WHAT IS BEING ASKED -> Once the images are set aside, output the listing exactly as it stands.

(RAW DATA)

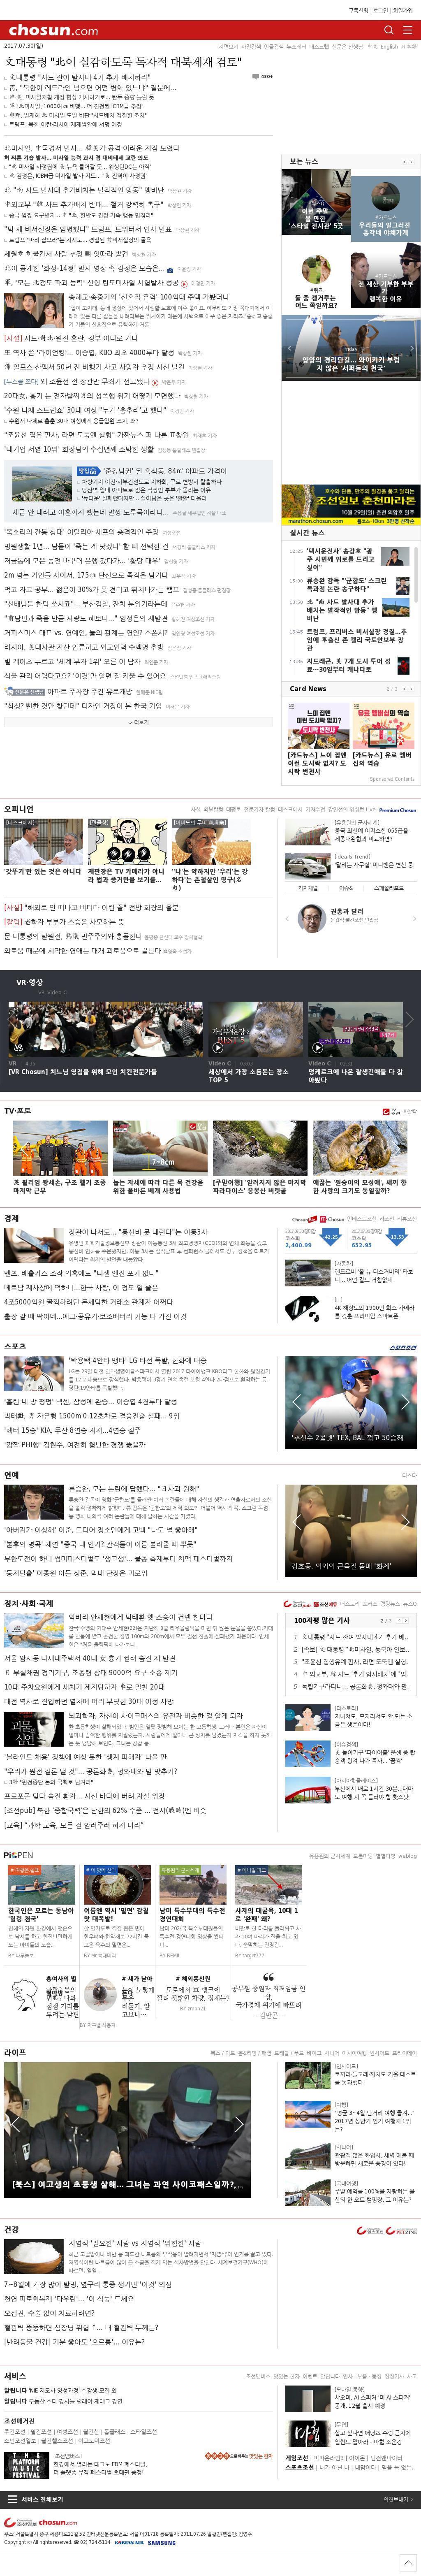 chosun.com at Saturday July 29, 2017, 3:02 p.m. UTC
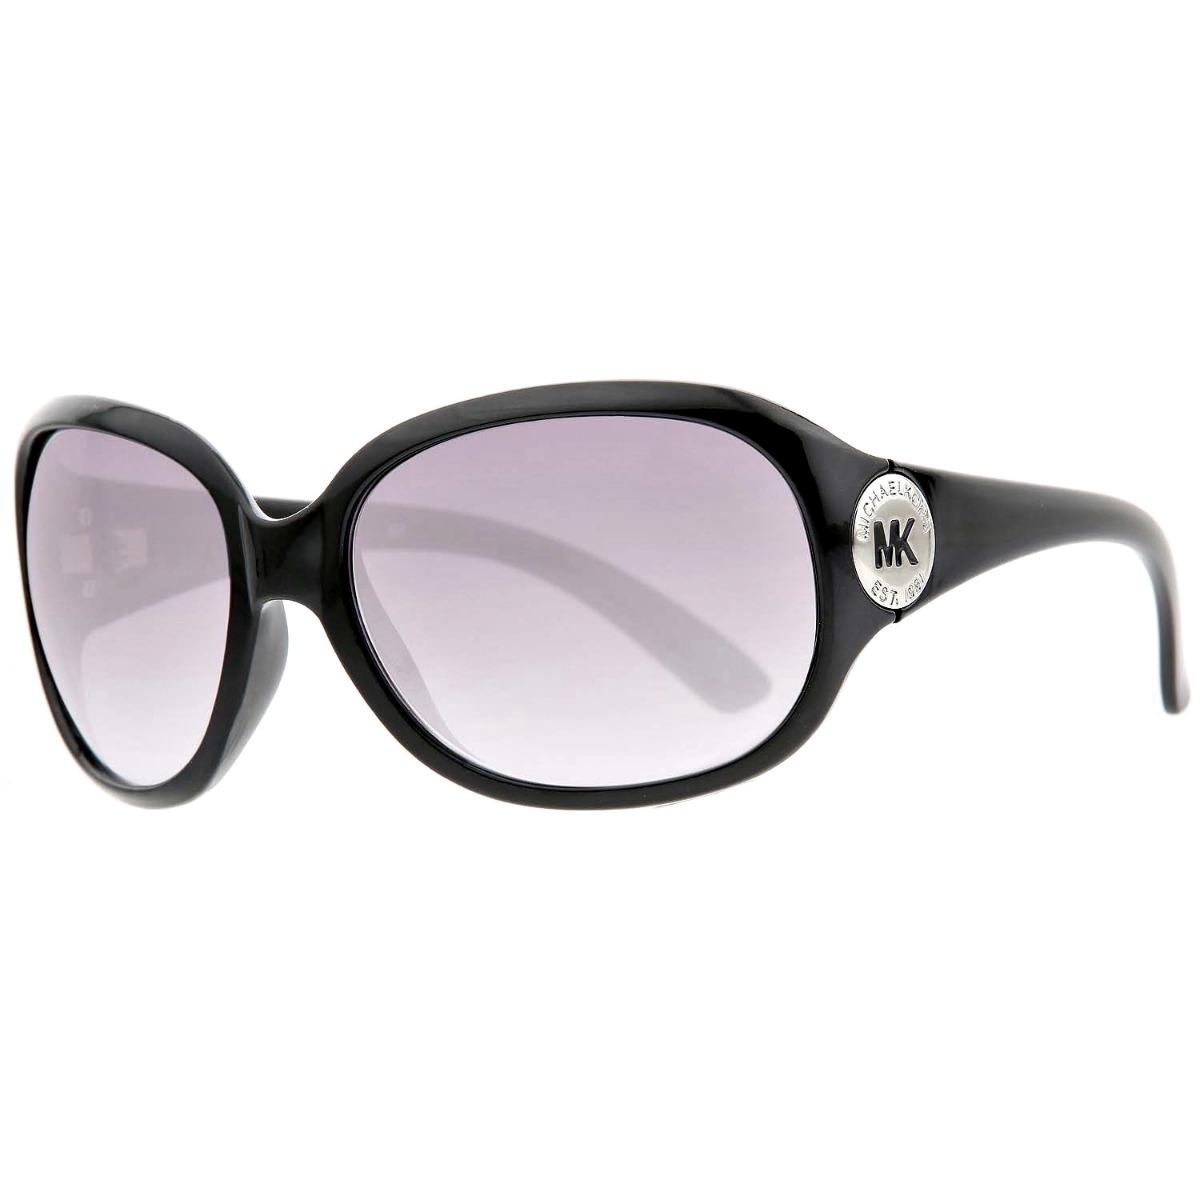 d0ad70b09 óculos de sol feminino michael kors original preto prata. Carregando zoom.
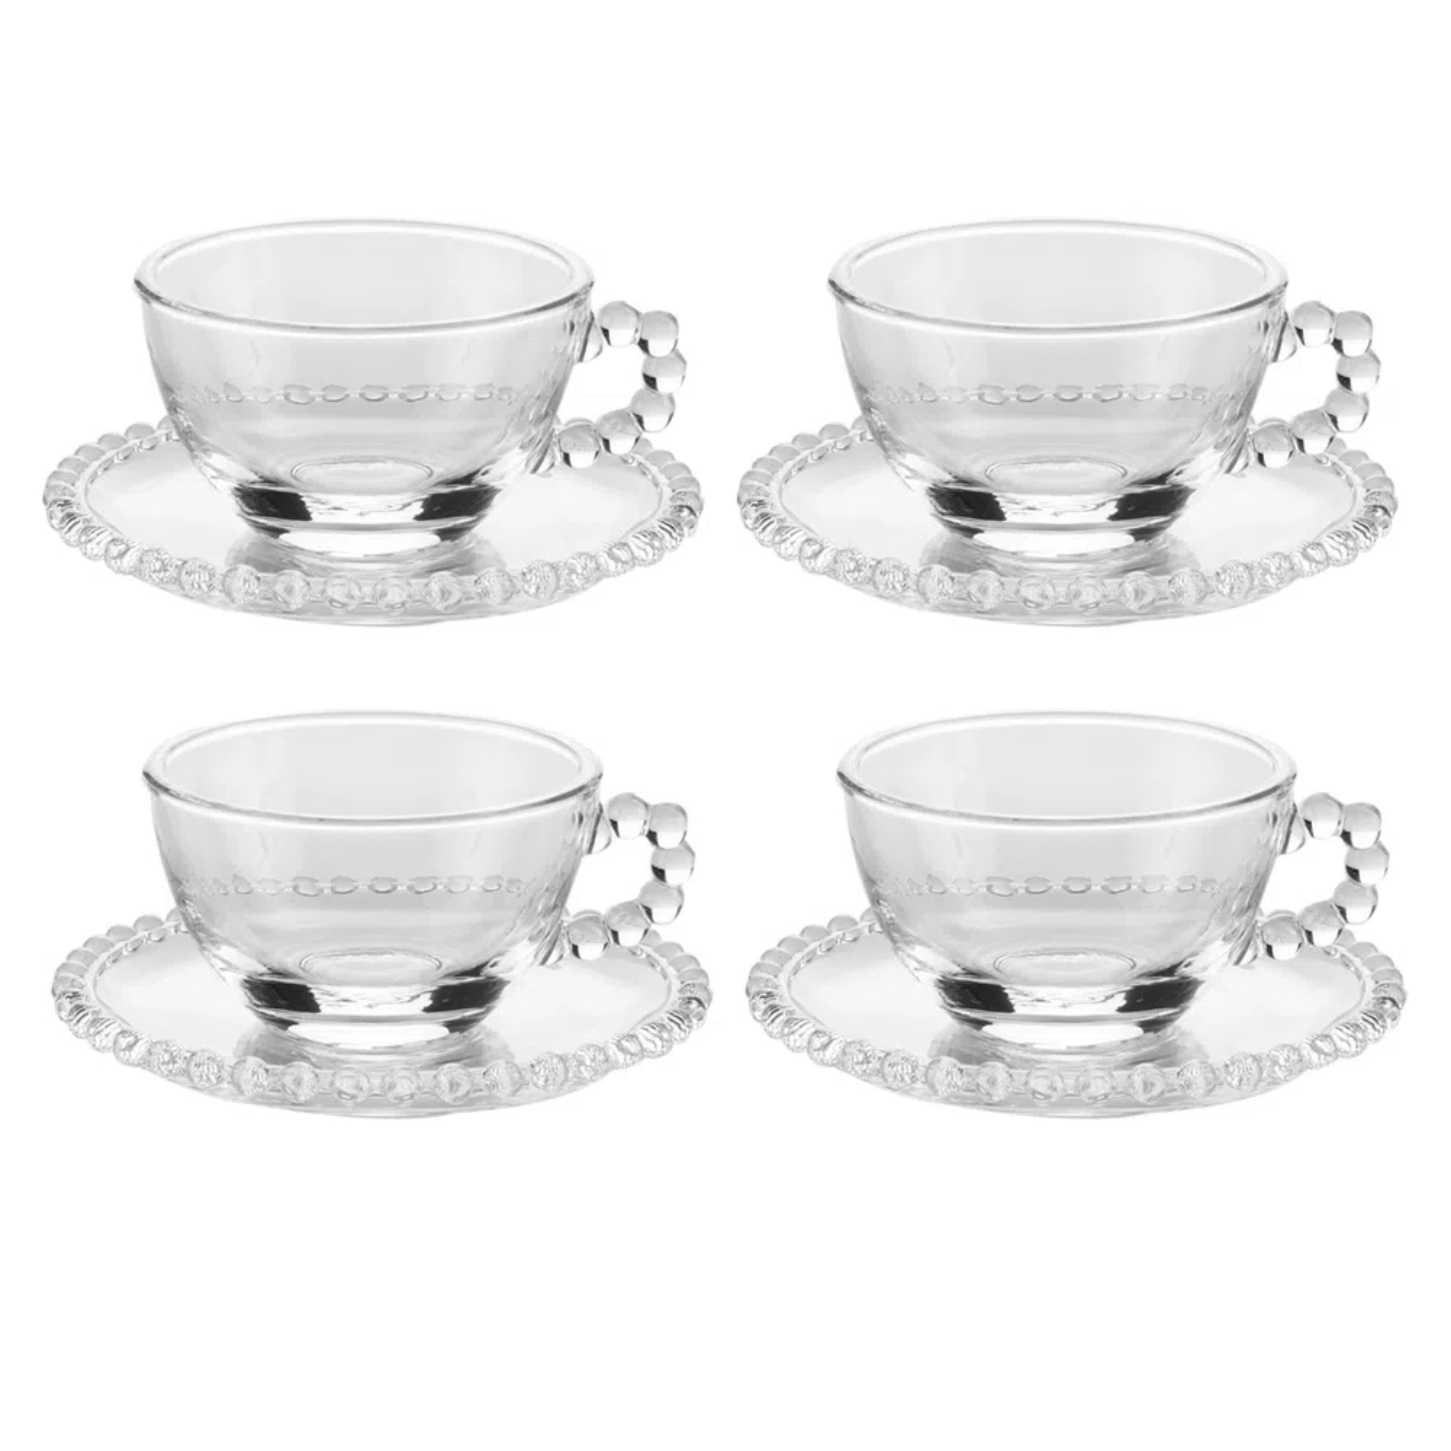 Conjunto de 4 Xícaras de Chá com Pires de Cristal Pearl 200ml - Wolff

(End RAW DATA)

SOLUTION ->
 chosun.com at Saturday July 29, 2017, 3:02 p.m. UTC
 d0ad70b09 óculos de sol feminino michael kors original preto prata. Carregando zoom.
 Conjunto de 4 Xícaras de Chá com Pires de Cristal Pearl 200ml - Wolff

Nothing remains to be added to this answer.